*WHAT TO PRODUCE*. Every line from the one with "Furniture moving experts" to the end of the listing below must be printed exactly, with no other text and no pictures.

*EXERCISE DATA*.
<<<<

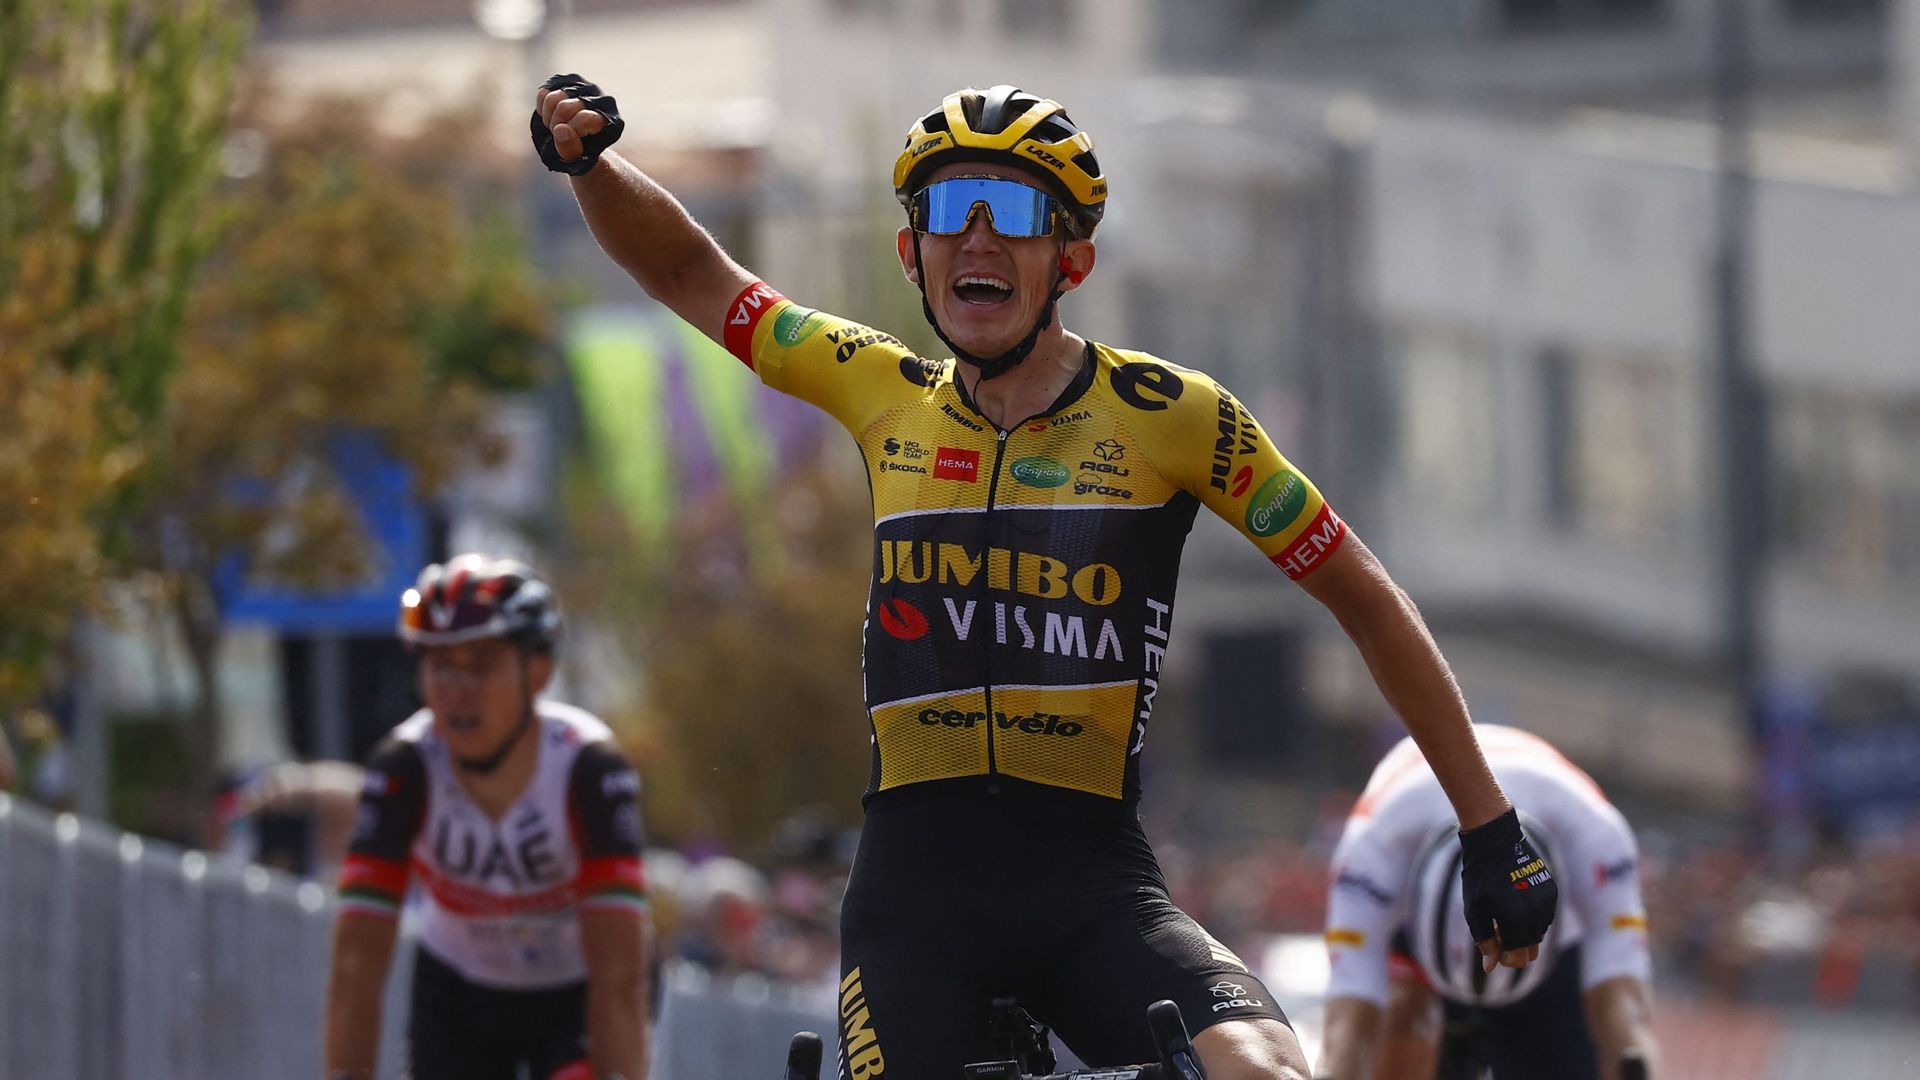 Giro 2022 : les classements après la septième étape remportée par Bouwman, López toujours leader
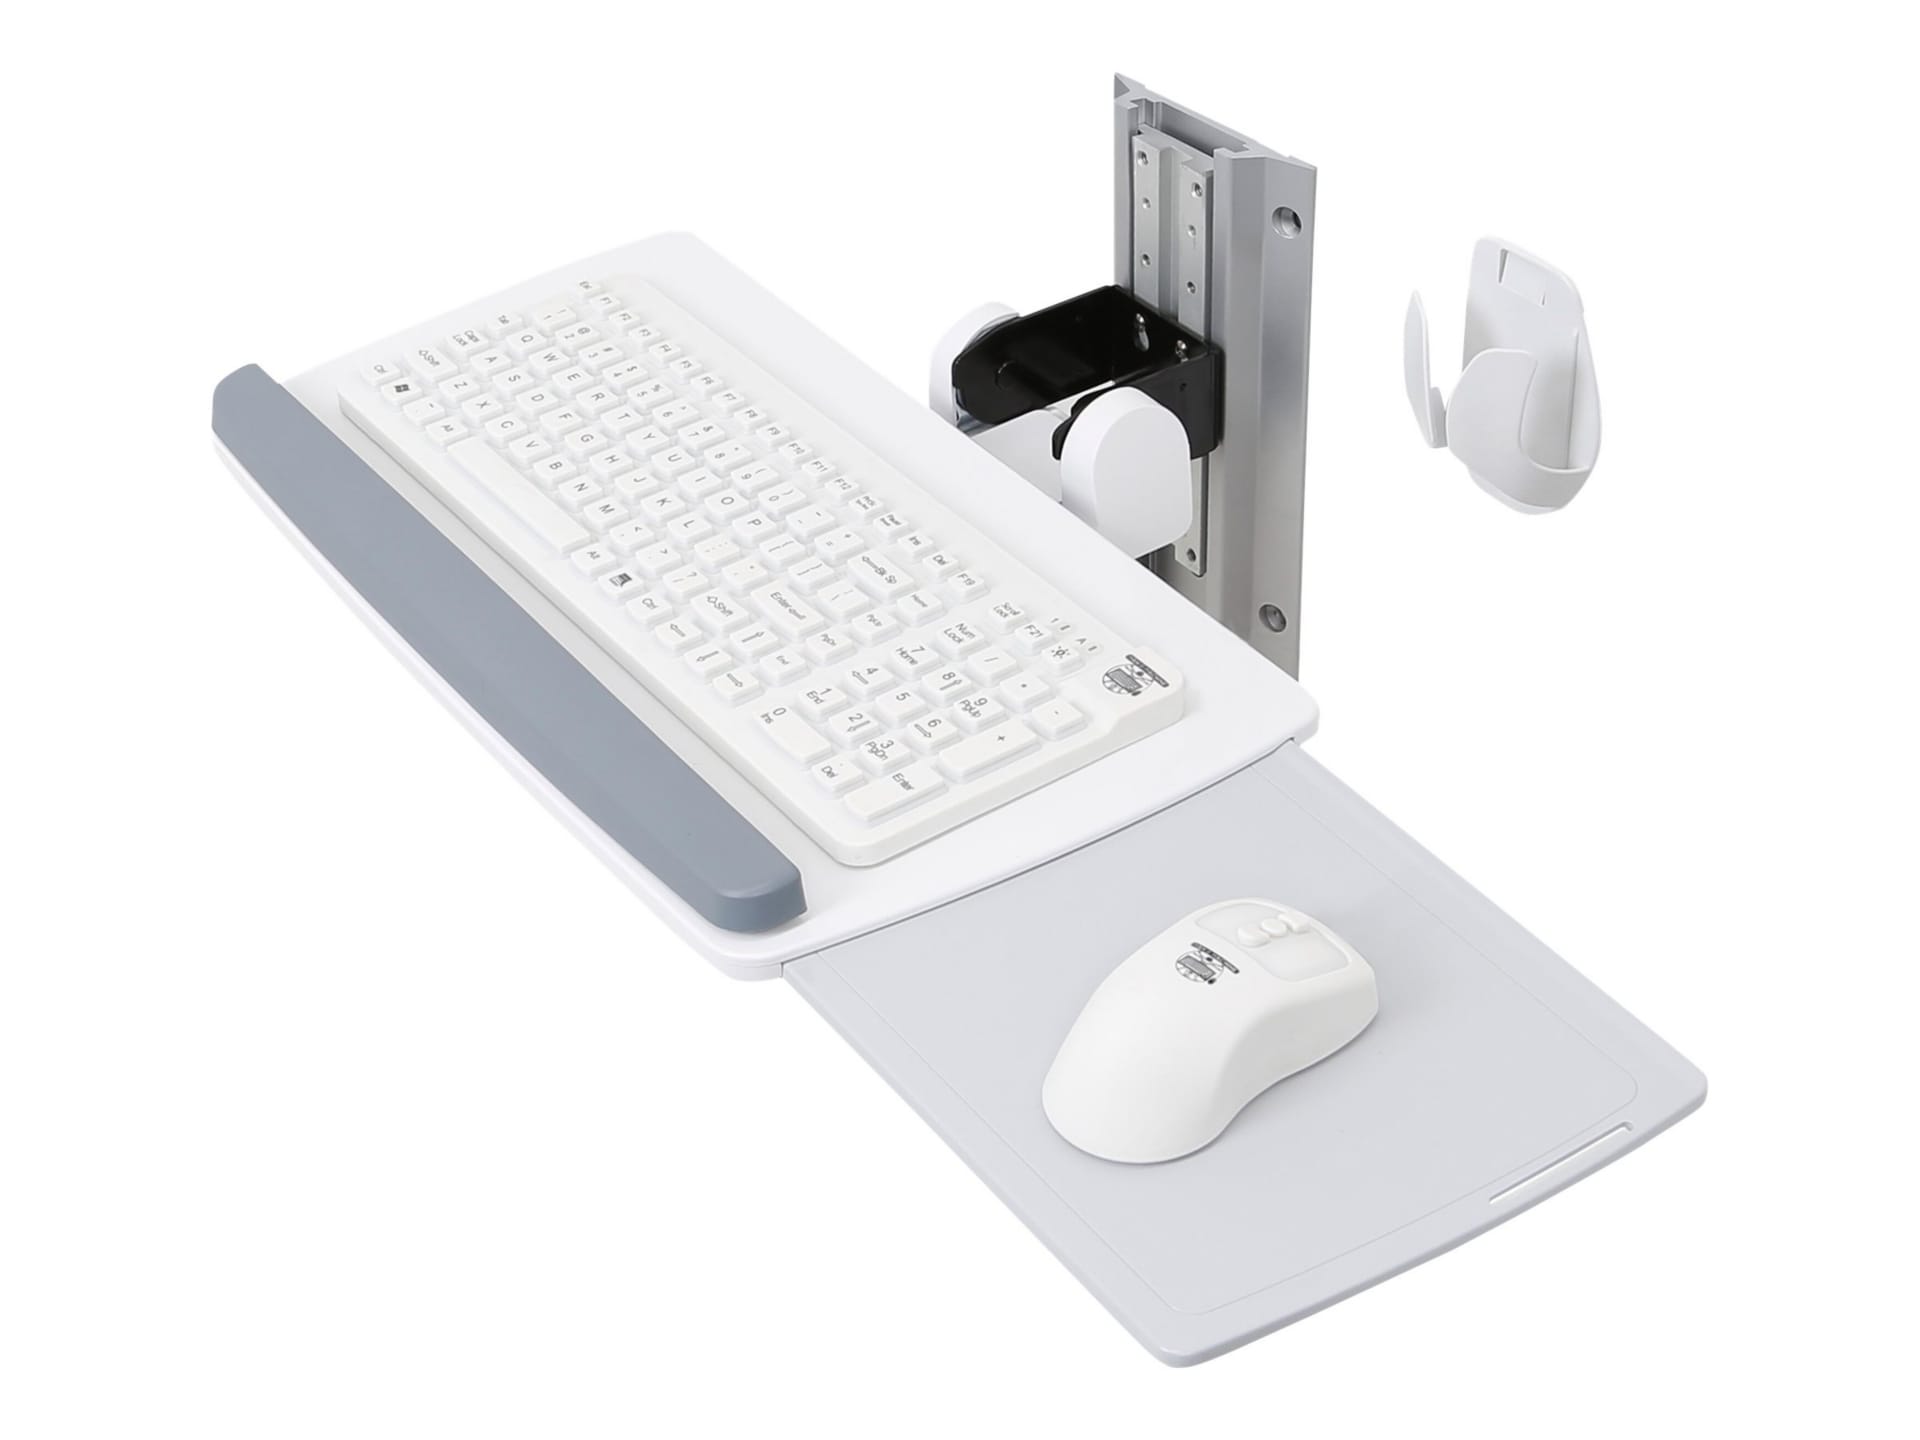 Ergotron Neo-Flex keyboard/mouse platform - slide-out
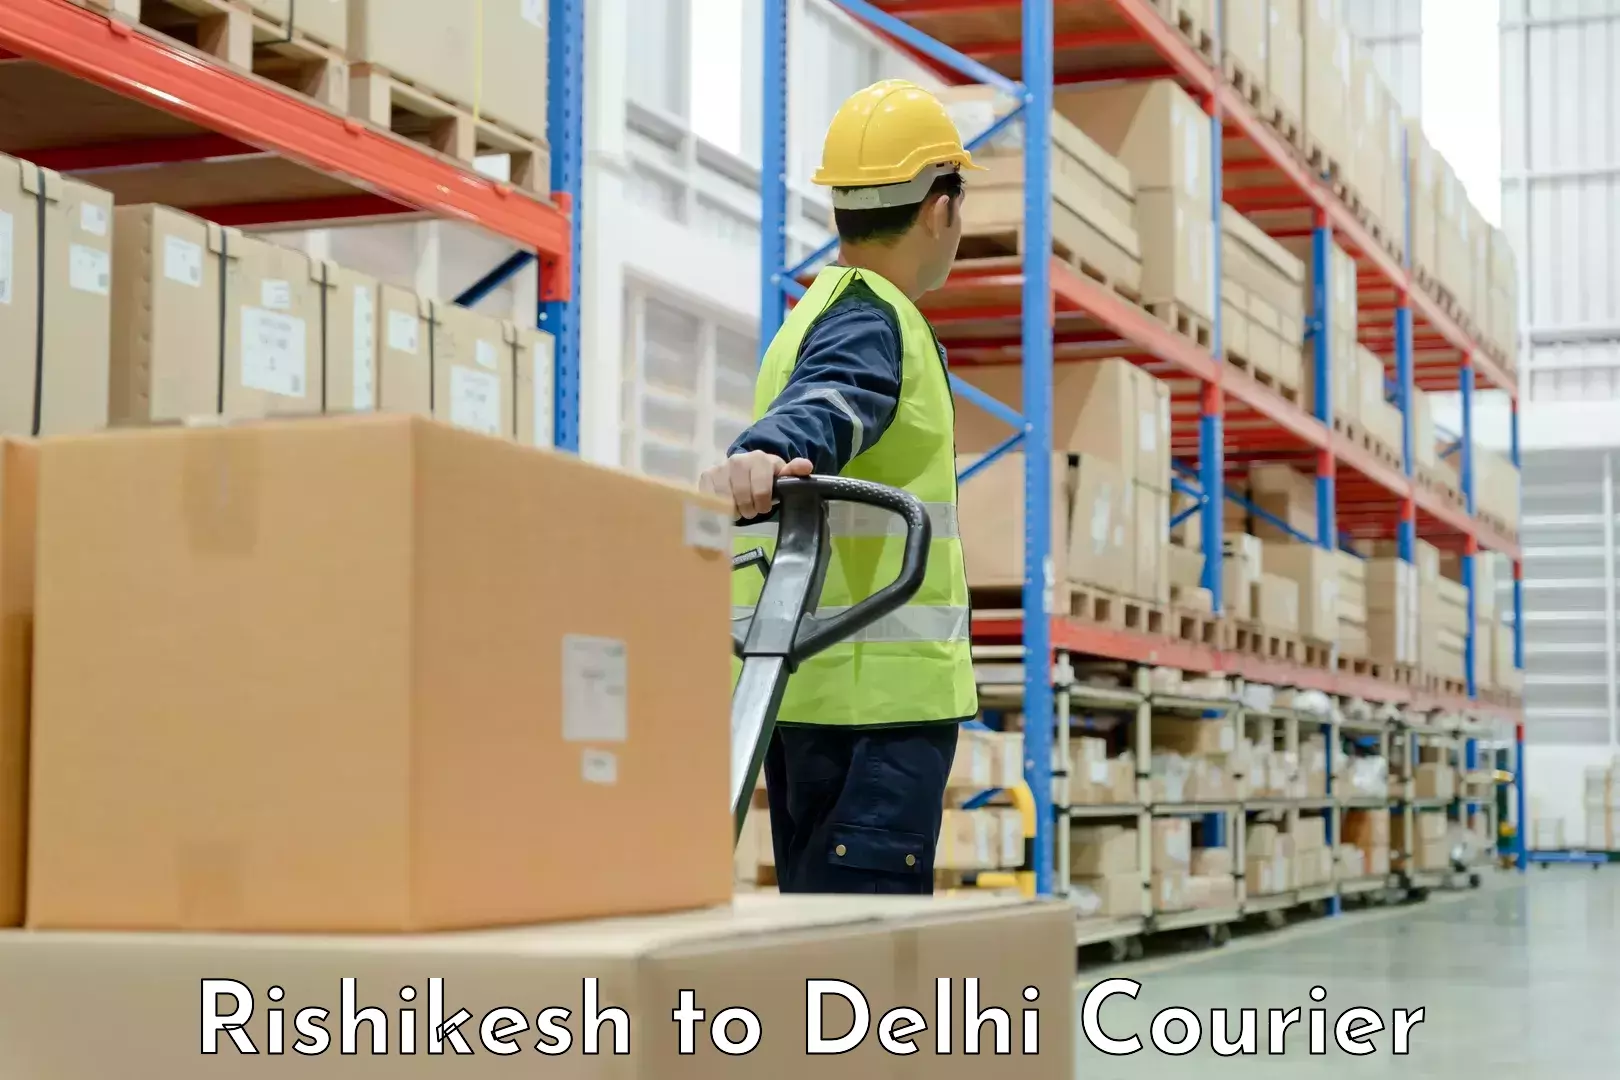 Furniture moving experts Rishikesh to Jawaharlal Nehru University New Delhi
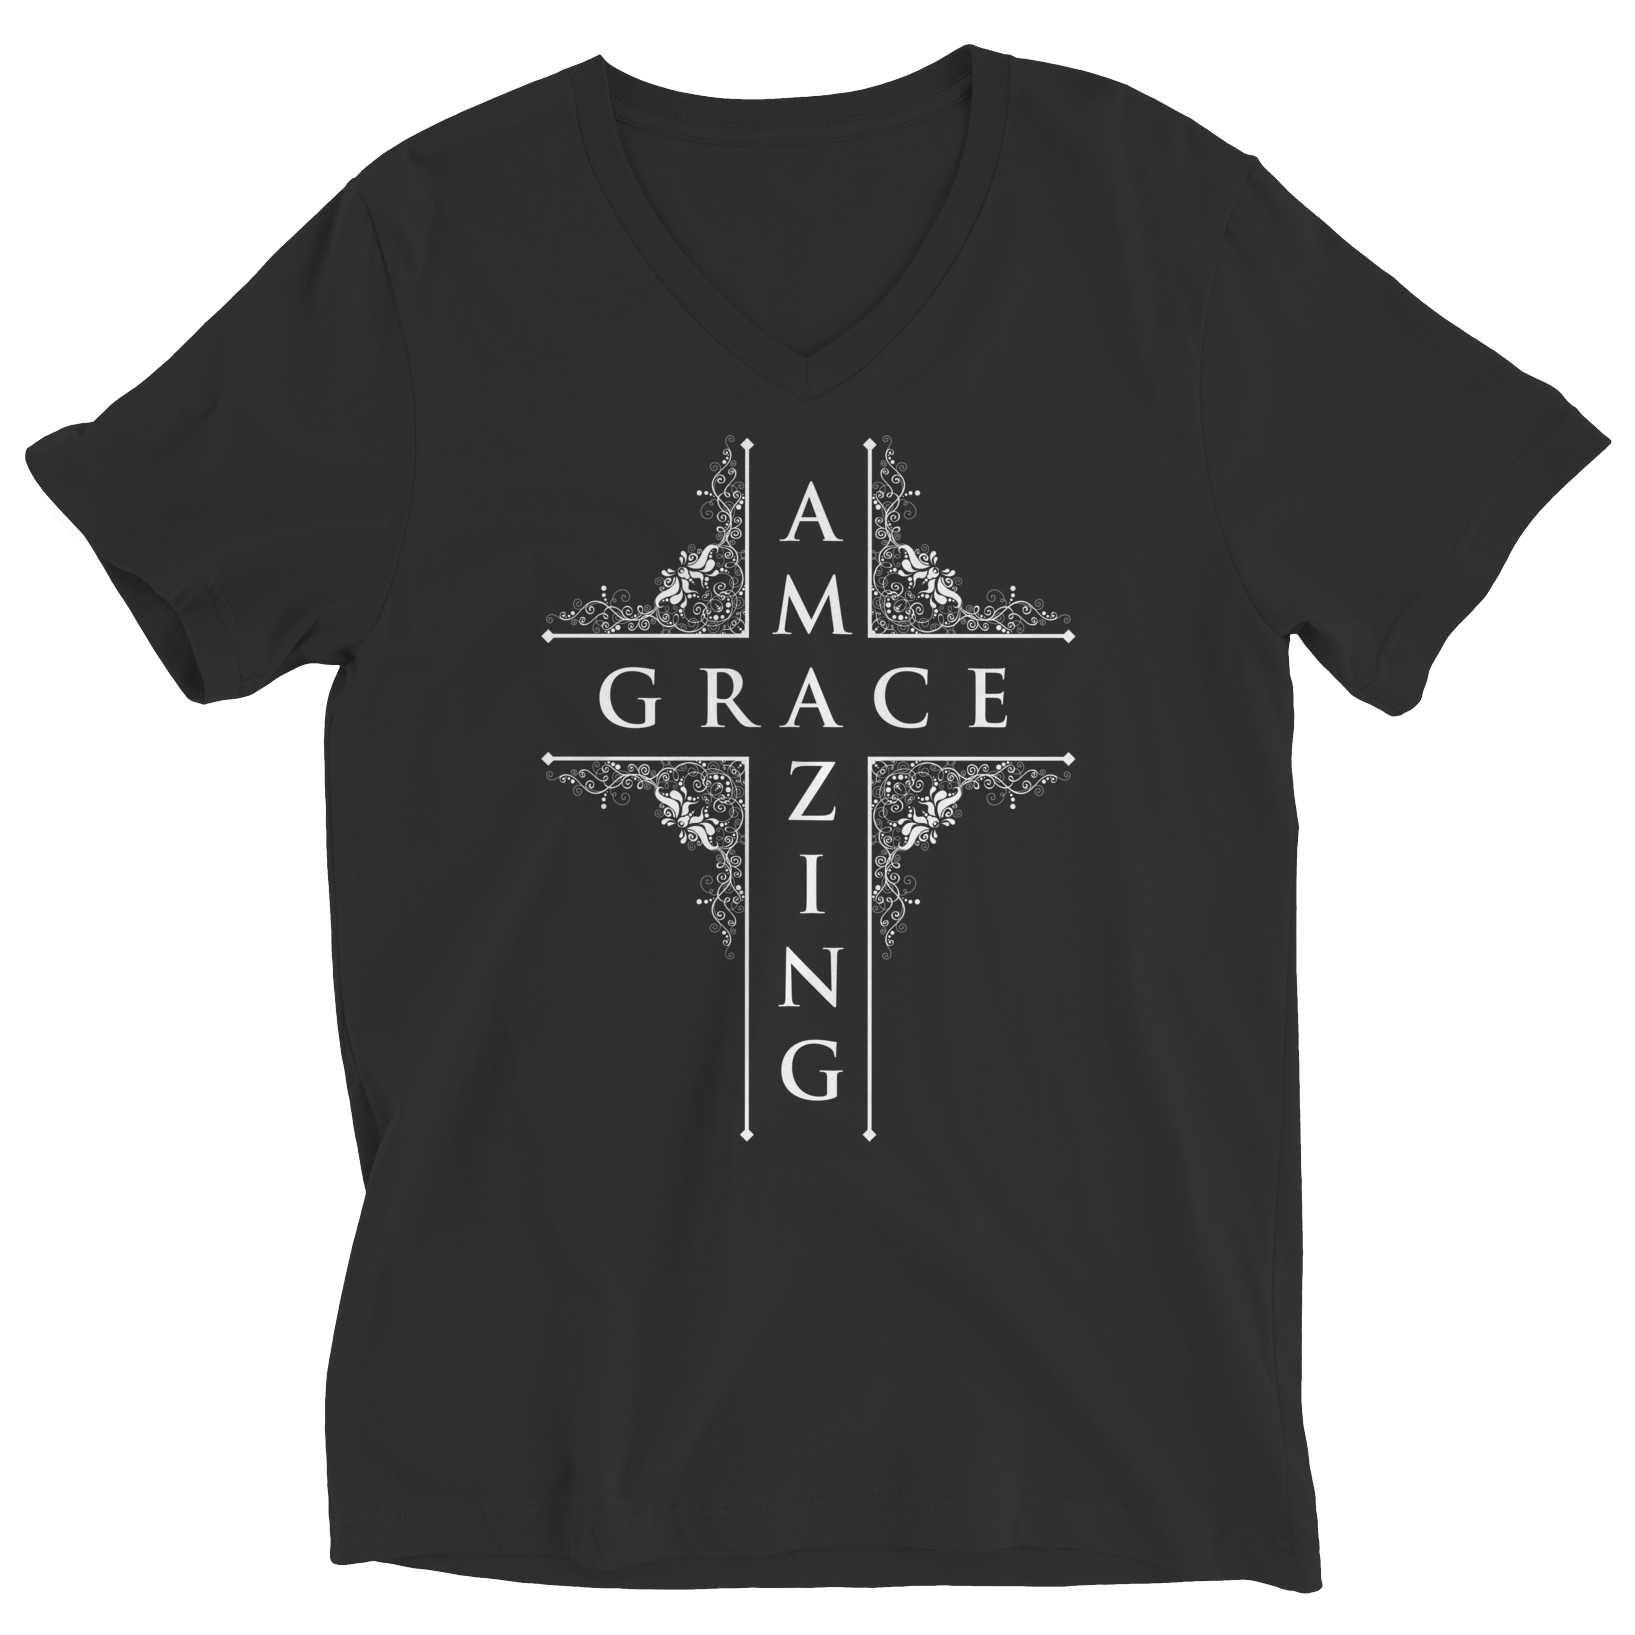 Unisex Shirt - Amazing Grace T-Shirt

>>>>

*EXPECTED OUTPUT*.
 Furniture moving experts Rishikesh to Jawaharlal Nehru University New Delhi
 Unisex Shirt - Amazing Grace T-Shirt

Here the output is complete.